Supplied material: Begin

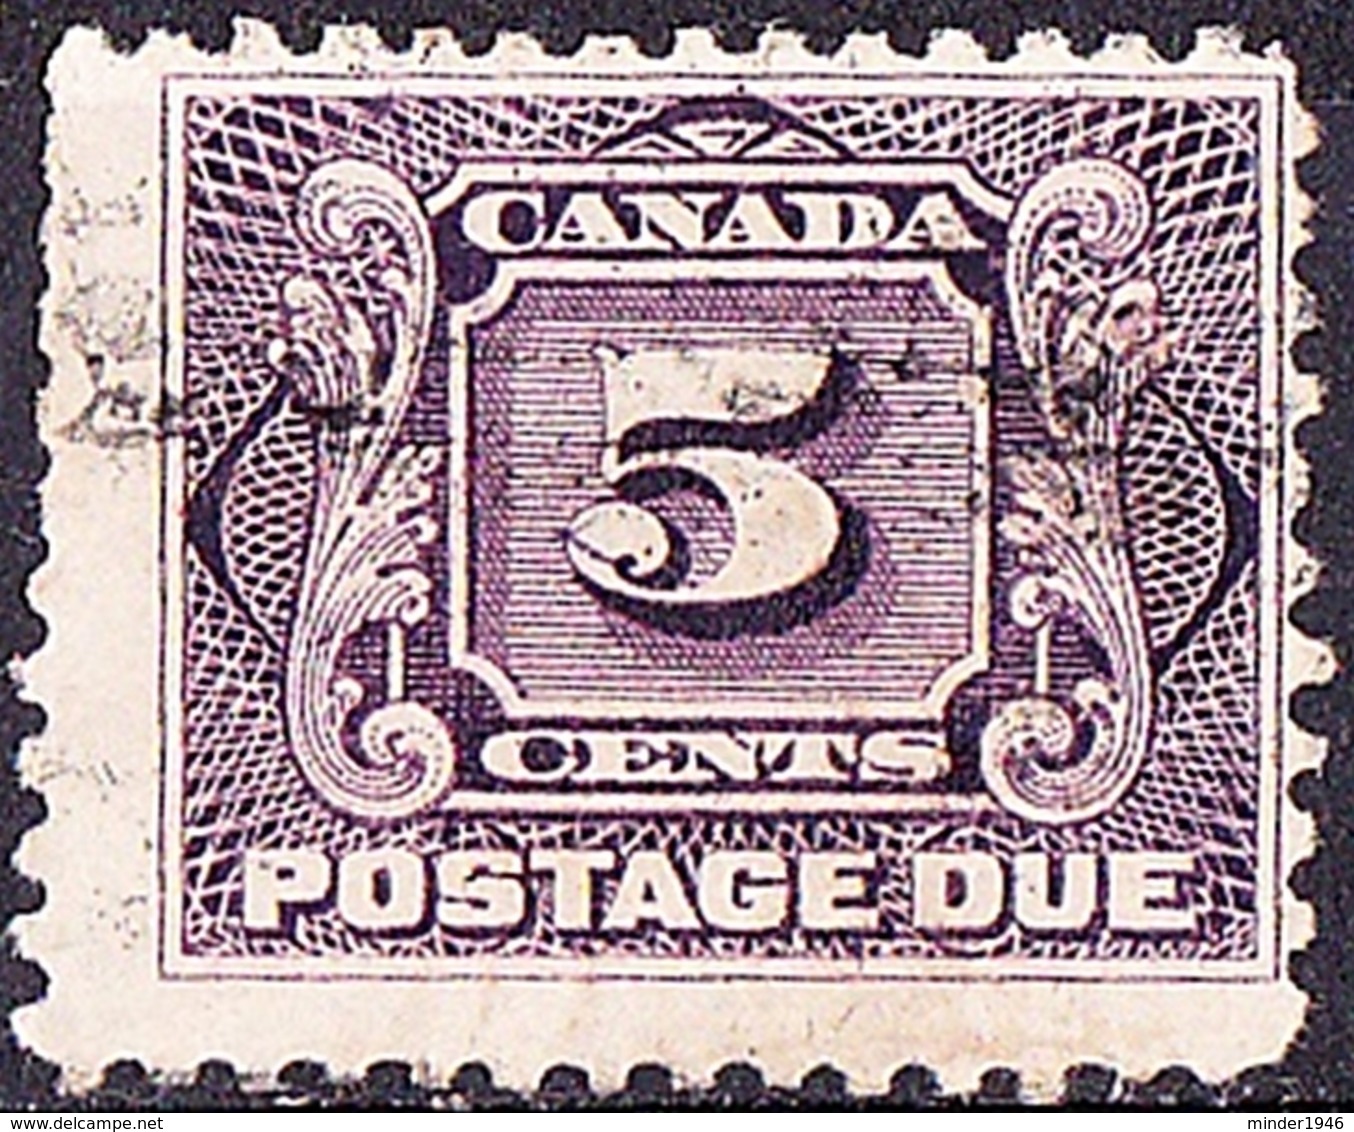 CANADA 1924 KGV 5c Postage Due Red Violet Thin Paper SGD7a Used - Postage Due
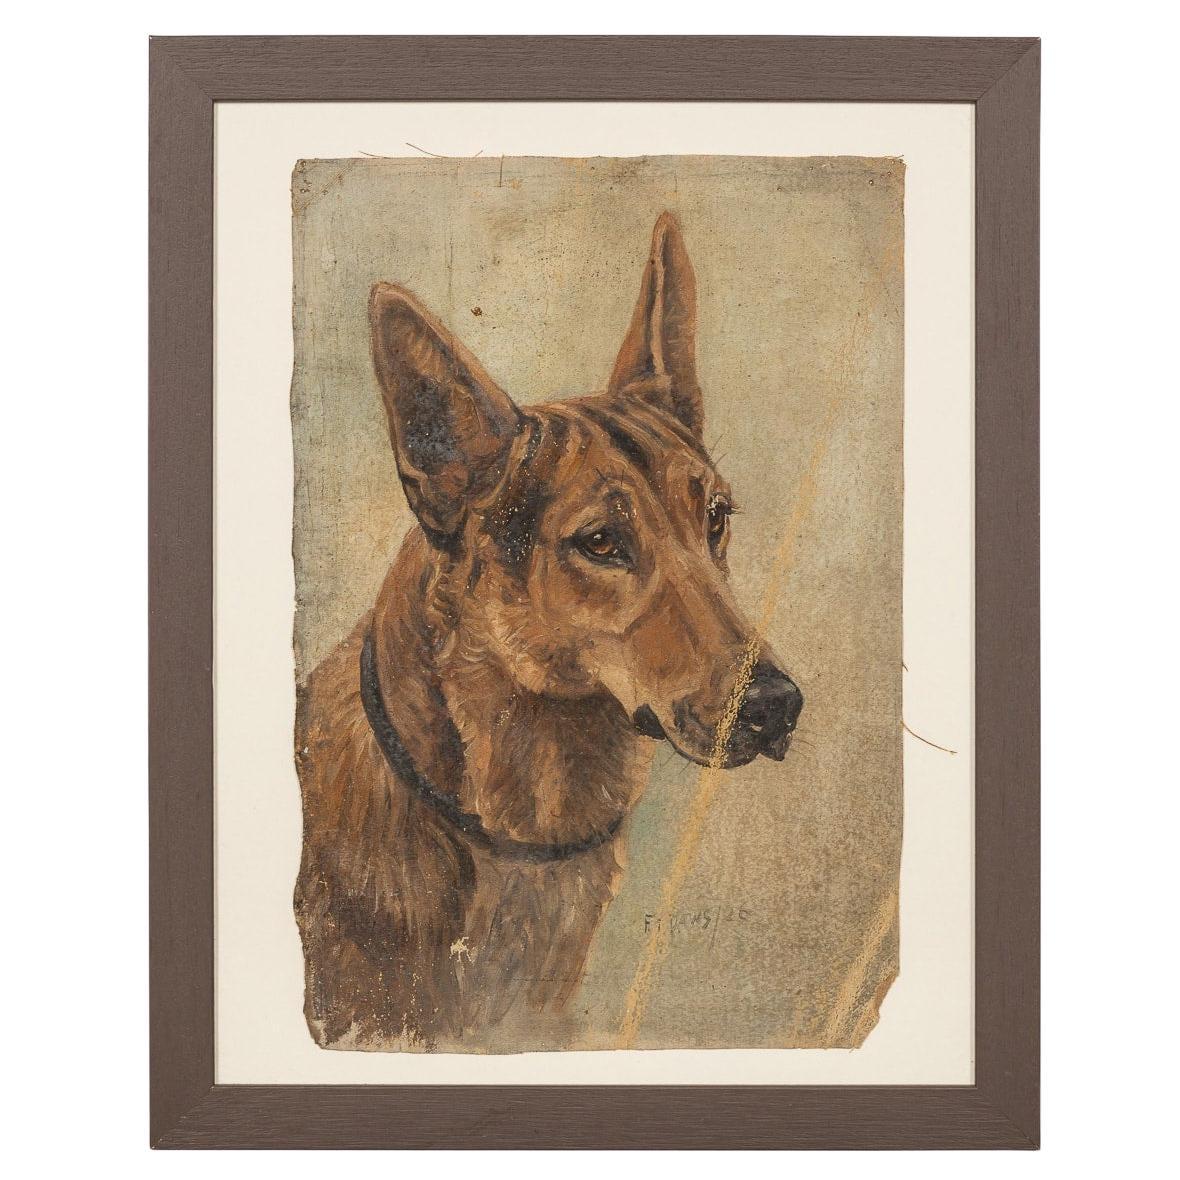 Antique 20thC Framed German Shepherd Oil On Canvas By Frederick T. Daws c.1926
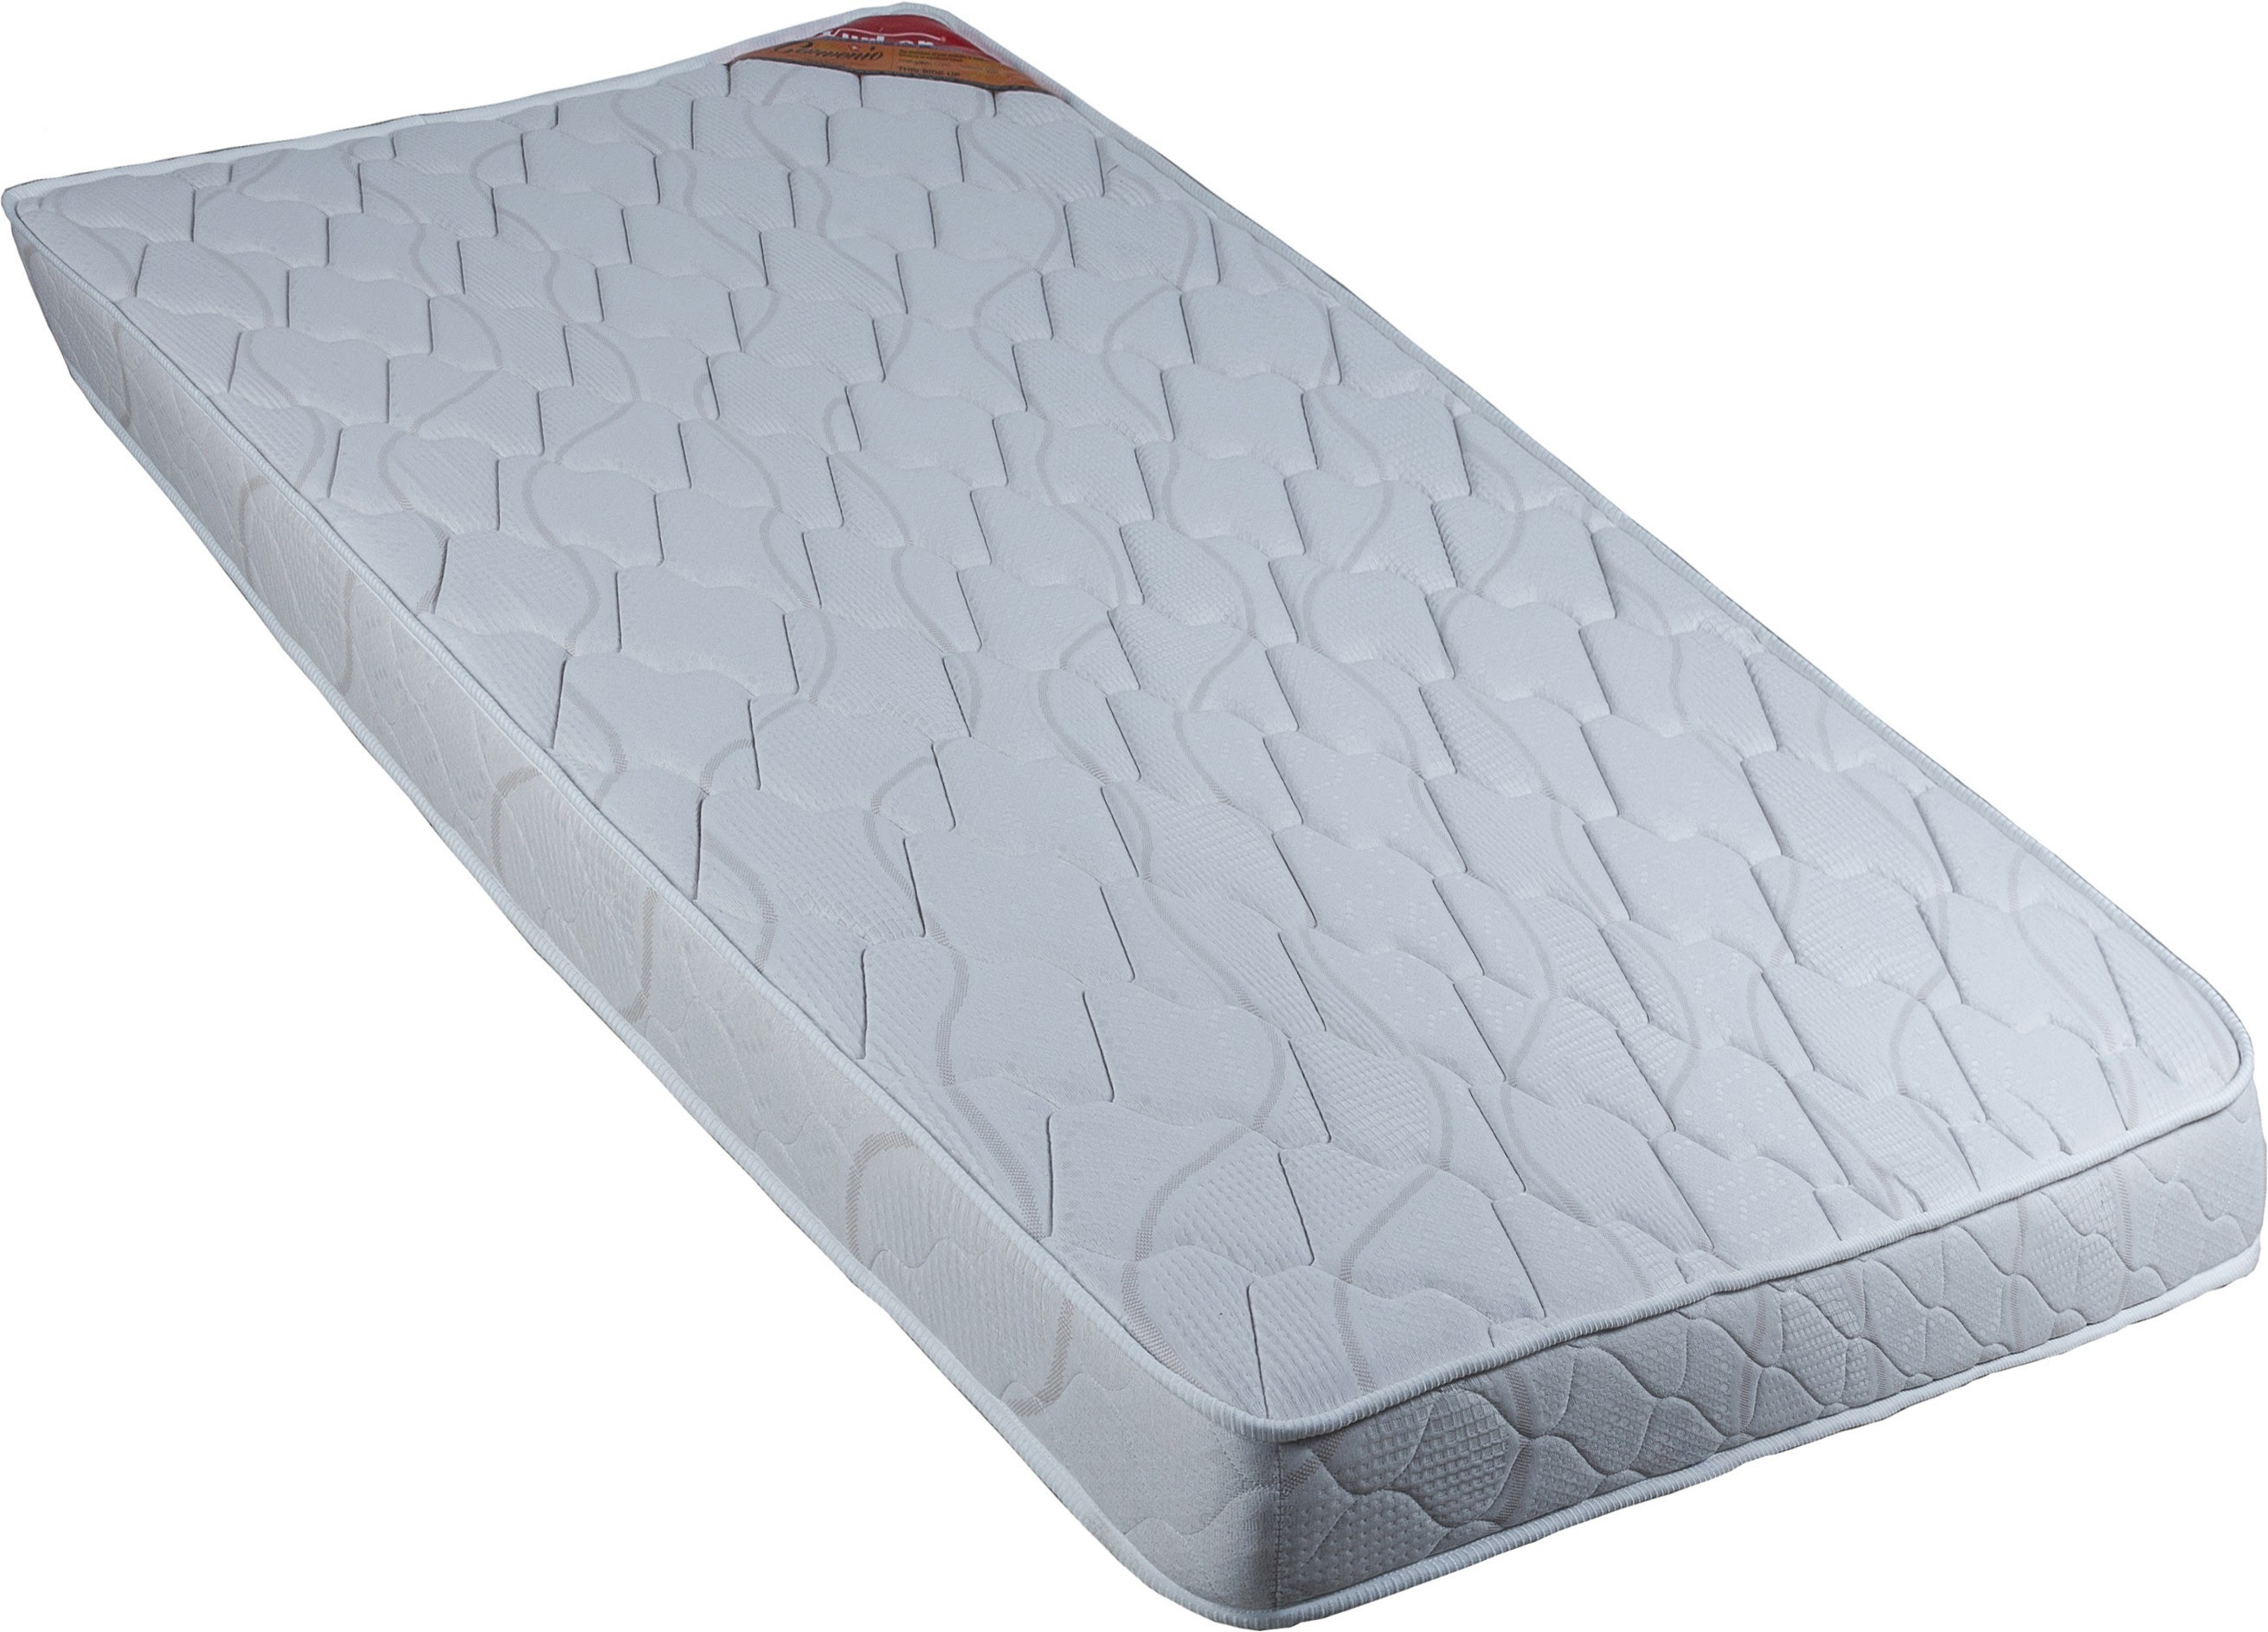 Reveal 64+ Impressive single bed mattress sale uk For Every Budget

Supplied material: End

Your goal ▸
Nothing but the lines from the one containing "Antique 20thC Framed" through the end of the listing should be printed, each exactly as it appears and without pictures.

Solution to the problem ▸
 Antique 20thC Framed German Shepherd Oil On Canvas By Frederick T. Daws c.1926
 Reveal 64+ Impressive single bed mattress sale uk For Every Budget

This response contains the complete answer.